Not Easley but still landing where he shouldn't. This time at Charlotte Motor Speedway in the mid1960s. Jerry Overman photo.
Turner also held a pilot's licence and his own twin engined Aero-Commander aircraft. One famous incident occurred on July 23rd 1967, while he was flying back to Charlotte. He and his three friends decided they needed a drink and with nothing on-board, Curtis landed on the main street in Easley, South Carolina. Having acquired the necessary refreshments they took off again but only after narrowly avoiding a number of local motorists and removing some phone lines and traffic lights. When he landed the FAA were already waiting and suspended his pilot’s license for two years.

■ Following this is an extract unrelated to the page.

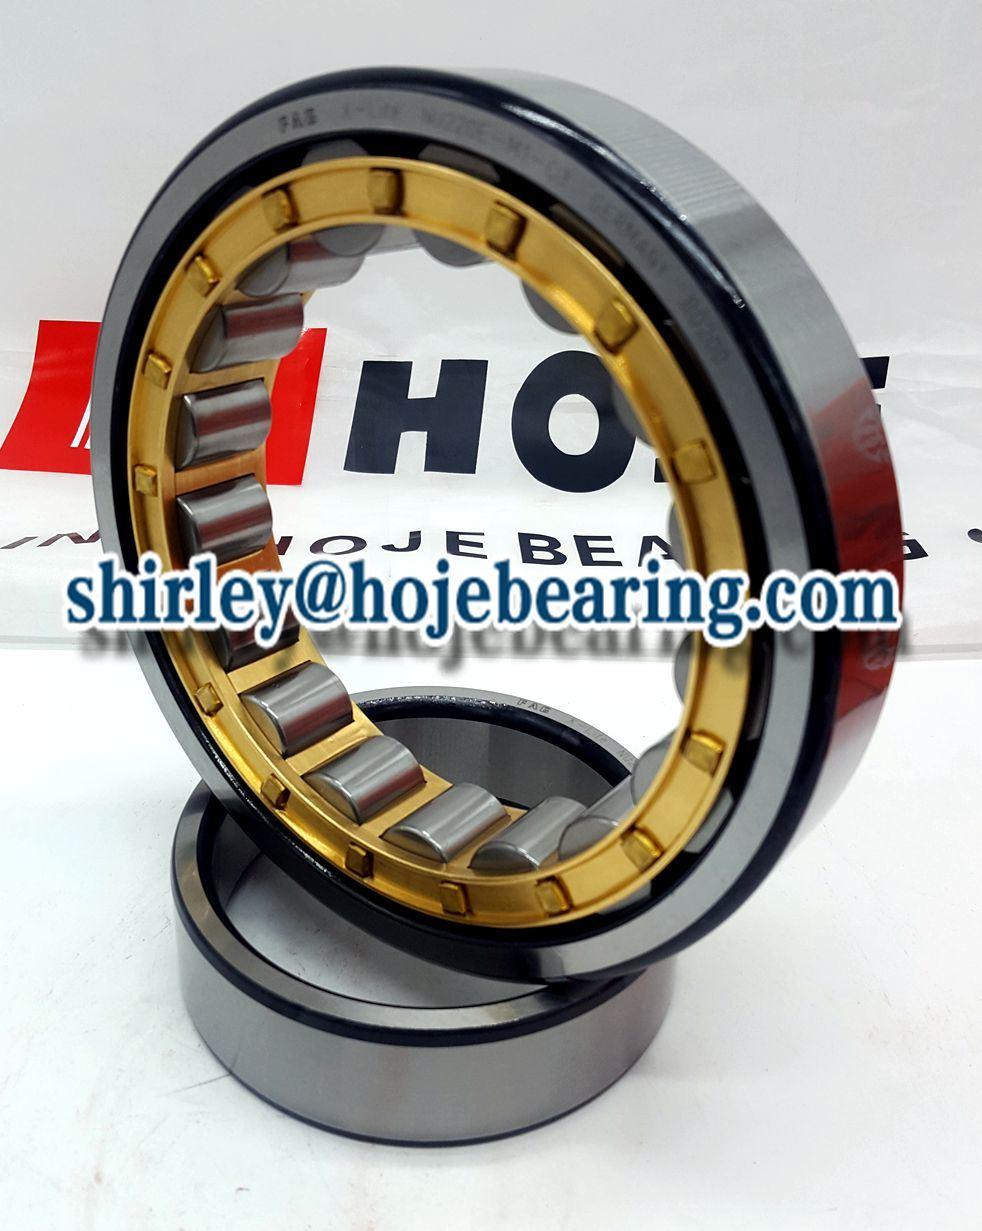 Flanged Cylindrical Roller Bearing Nu216, Nu2216, Nu316, Nu2316

His ban was lifted in 1965 and he made a successful return to the tracks finishing 3rd in the National 400 at the Charlotte Speedway and then winning the first race held at the North Carolina Motor Speedway in Rockingham two weeks later, despite a broken rib, Turner started fourth in a Ford owned by Glen Wood. He was in contention from the beginning and fought off drivers whose fathers had once been his rivals. Finally it was between Turner and the idol of the young, Cale Yarborough. Lap after lap, Turner held off every Yarborough probe and went on to score his most lucrative victory. His great driving talent never left him.
Turner came back to win the Permatex 300 in a Late Model Sportsman car at Daytona Beach, FL, the following year. Then he and Smokey Yunick collaborated on a Chevelle in 1967. He retired after a bad crash at the Atlanta International Raceway in 1967. Yunick withdrew from the collaboration , saying, "I will not build the car that Curtis Turner was killed in."
After that, Turner raced infrequently, coming out of retirement when the price was right. He had intended to come out for the National 500 but, on a foggy day in October, 1970, he crashed his Aero-Commander into a mountainside near Punxsutawney, Pennsylvania, shorty after take-off. Clarence King, a professional golfer, also perished in the accident.
He made and lost a number of fortunes during his life, in his career he took over 350 wins (not including unofficial races), including 17 Grand National wins and 38 NASCAR Convertible Division wins. He also won the 1962 Pike's Peak Hill Climb in Colorado and took a class win in the Nassau Trophy. In 1972 Bill France said that "Curtis Turner was the greatest race car driver I have ever seen."